Special: A toothbrush that lasts forever. Love at first brush. That statement is also the reason that students on Georgetown’s campus are calling for Love Saxa to be defunded for fostering “hatred or intolerance.”

Sparring editorials

Love Saxa president Amelia Irvine wrote a column for The Hoya, Georgetown’s student newspaper, in September. In it, she discussed her decision to practice abstinence with her boyfriend.

In response to the editorial, which contained Irvine’s statement about the definition of marriage, The Hoya published an opposing editorial calling for the defunding of the organization.

“Love Saxa’s advocacy of denying individuals’ rights on the basis of their sexual orientations is inherently intolerant,” the editorial read. “The club is antithetical to what a university club should be, and it should be ineligible for any university benefits.”

The Student Activities Commission will hold a hearing on the matter in coming days, according to The Christian Post.

Conflicting interests

Georgetown is a Catholic university, and the Catholic Church holds to the traditional definition of marriage between a man and a woman.

But, like most large universities, Georgetown is home to thousands of students from diverse religious or nonreligious backgrounds, and it has policies in place to protect that diversity.

So, either way the school rules in this case could lead to accusations of hypocrisy because of the competing interests.
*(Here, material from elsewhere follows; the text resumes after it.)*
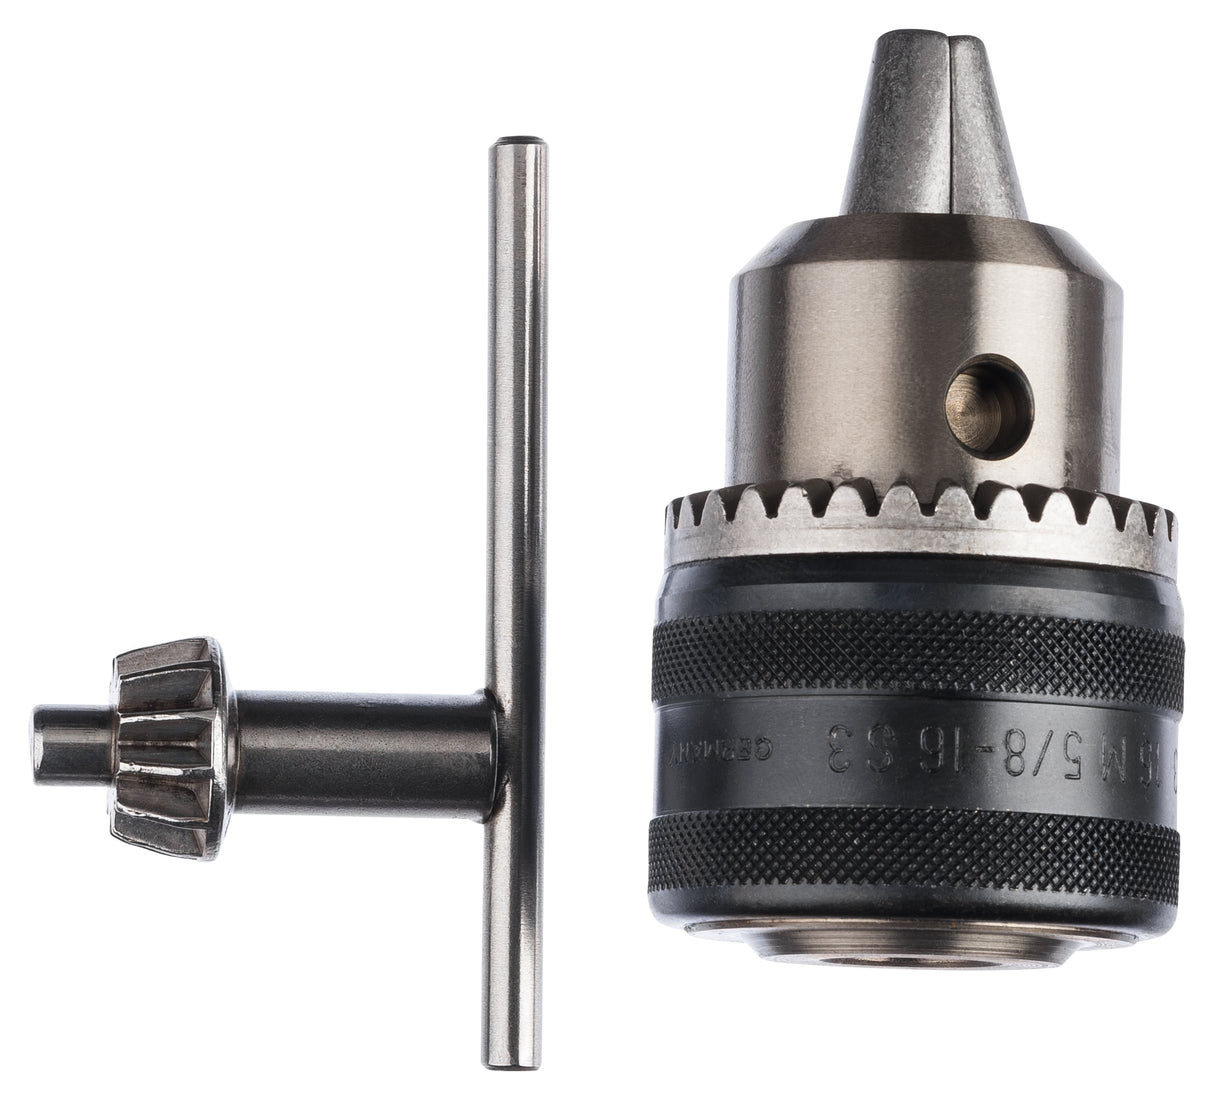 Bosch Professional Keyed Chucks up to 16mm (3-16mm, 5/8-16)
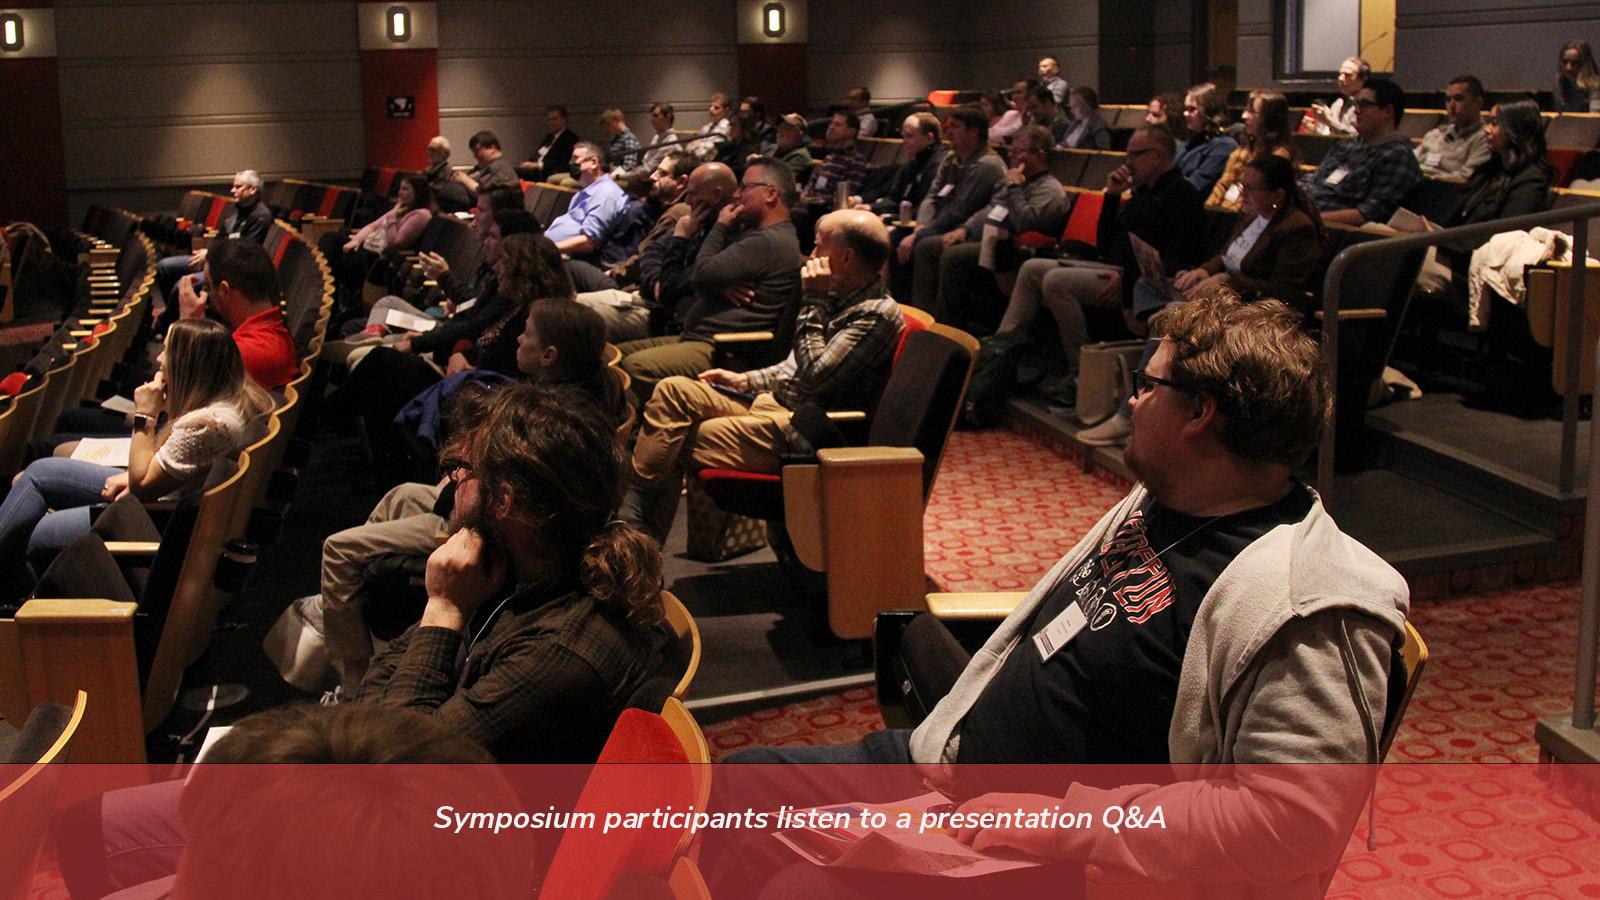 Symposium participants listen to a presentation Q&A

The university’s statement reflected the tension between the school’s religious history and its standing as a major institution of higher education

“We strongly support a climate that continues to provide students with new and deeper contexts for engaging with our Catholic tradition and identity. Love Saxa is one of many groups operating on campus with positions that affirm the teachings of the Catholic Church. We also support a climate that is welcoming to all students and supporting of our LGBT communities,” Georgetown said in a statement.